[FFmpeg-devel] Fixpoint FFT optimization, with MDCT and IMDCT wrappers for audio optimization

Sun Jul 29 02:47:08 CEST 2007

On 7/27/07, Michael Niedermayer <michaelni at gmx.at> wrote:
> Hi
>
> On Fri, Jul 27, 2007 at 09:56:34PM -0400, Marc Hoffman wrote:
> > Hi,
> >
> > On 7/27/07, Michael Niedermayer <michaelni at gmx.at> wrote:
> > > Hi
> > >
> > > On Fri, Jul 27, 2007 at 05:40:14PM -0400, mmh wrote:
> > > [...]
> > > > +/*
> > > > +  This is a fixedpoint inplace 32bit FFT which accepts 3 arguments:
> > > > +
> > > > +  @param X   - input signal in format 1.31
> > > > +  @param W   - phase factors in 1.31 format
> > > > +  @param lgN - log_2(N) where N is the size of the input data set.
> > > > +
> > > > +*/
> > > > +void ff_fft32 (FFTContext *c, FFTComplex32 *X)
> > > > +{
> > > > +    FFTComplex16 *W = c->exptab16;
> > > > +    int lgN    = c->nbits;
> > > > +    int N      = 1<<lgN;
> > > > +    int s, j, k, m, w, ws;
> > > > +    int64_t wwr,wwi;
> > > > +
> > > > +    for (s=1; s<=lgN; s++) {
> > > > +        m  = 1<<s;
> > > > +        ws = 1<<(lgN-s);
> > > > +        w=0;
> > > > +        for (j=0; j<m/2; j++) {
> > > > +            wwr=W[w].re;
> > > > +            wwi=W[w].im;
> > > > +            w+=ws;
> > > > +            for (k=j; k<N; k+=m) {
> > > > +                long tr,ti;
> > > > +                int k2 = k+m/2;
> > >
> > > signed and /2 is slow either changed to unsiged or use >>1
> > >
> > Compiler should take care of this via strength reduction and to boot
> > its a constant in the loop.

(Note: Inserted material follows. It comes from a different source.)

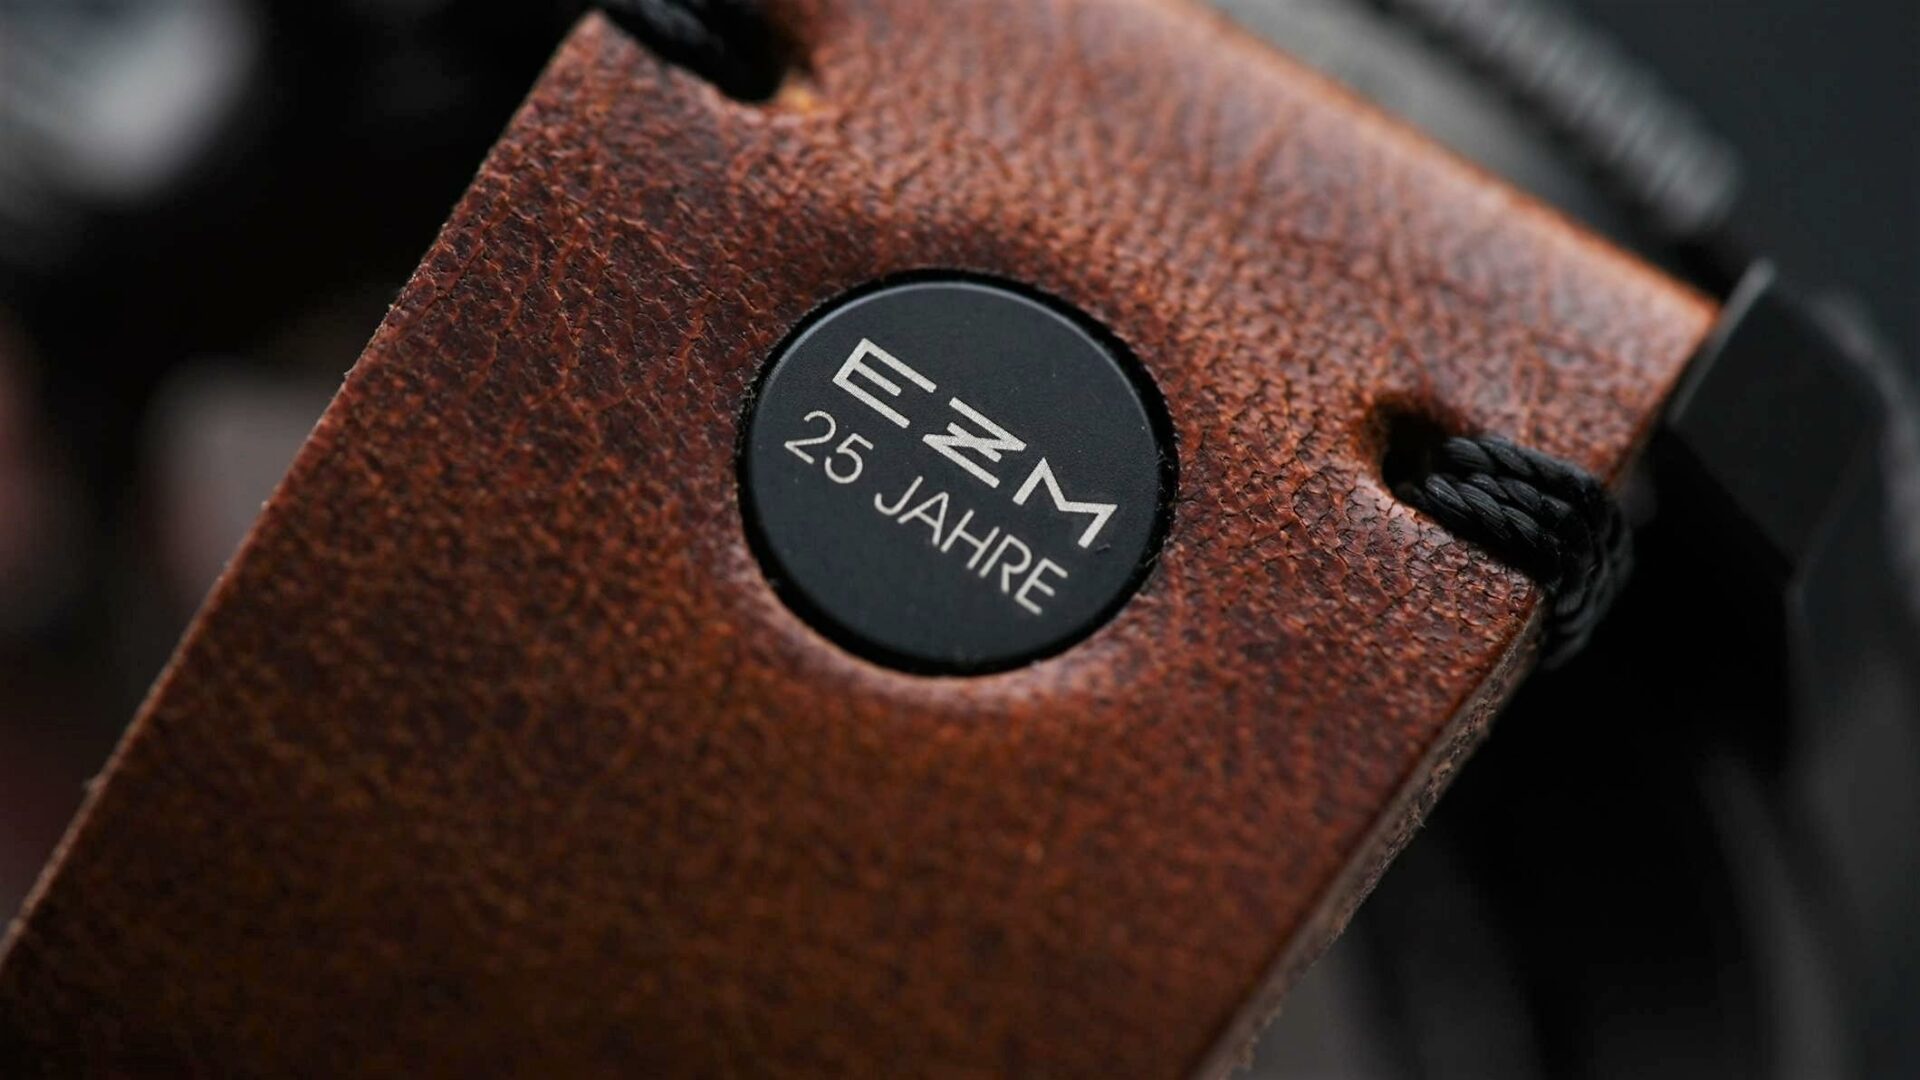 Sinn EZM 1.1S Limited Edition 500 closeup shot of 25th anniverssary button on strap "EZM 25 JAHRE".

I think m/2 is ok but will change if you
> > want me too semantics are identical.
>
> you put a lot of trust in the compiler, this is not a simple optimization
> it has to proof m can not reach values where m>>1 != m/2
>

Come on this is trivial...

>
> >
> > >
> > > > +
> > > > +                tr        = (X[k2].re*wwr - X[k2].im*wwi + 0x4000)>>15;
> > > > +                ti        = (X[k2].re*wwi + X[k2].im*wwr + 0x4000)>>15;
> > > > +
> > > > +                X[k2].re  = (X[k].re - tr);
> > > > +                X[k2].im  = (X[k].im - ti);
> > > > +
> > > > +                X[k].re   = (X[k].re + tr);
> > > > +                X[k].im   = (X[k].im + ti);
> > > > +            }
> > > > +        }
> > > > +    }
> > > > +}
> > >
> > > what about implementing a split radix fft?
> > > (http://en.wikipedia.org/wiki/Split-radix_FFT)
> >
> > I'm thinking this is the begining of the whole fixedpoint thing.  My
> > real goal here is to get some of this working with an audio codec and
> > see what we really need to optimize.
>
> if you agree to implement a split radix fixedpoint & float fft later
> then ive no objections, otherwise i do
>

Sure when the time comes I will do this.

>
> >
> > >
> > > also several iterations have trivial (1/-1/0) w* these should not be done
> > > in this generic way
> > ?
>
> these things called twiddle factors, which are represented by wwr and wwi in
> your code have values like 1/-1/0, well 32768/-32768/0 as its fixedpoint
> in some iterations and its very lame to do a full complex multiplication
> for w being one of 1,-1,i,-i
>

no problem we can factor out the end stages.  I was thinking we would
start simple get one of the audio things working then optimize it.
There are a lot of things we can do this is just one of them.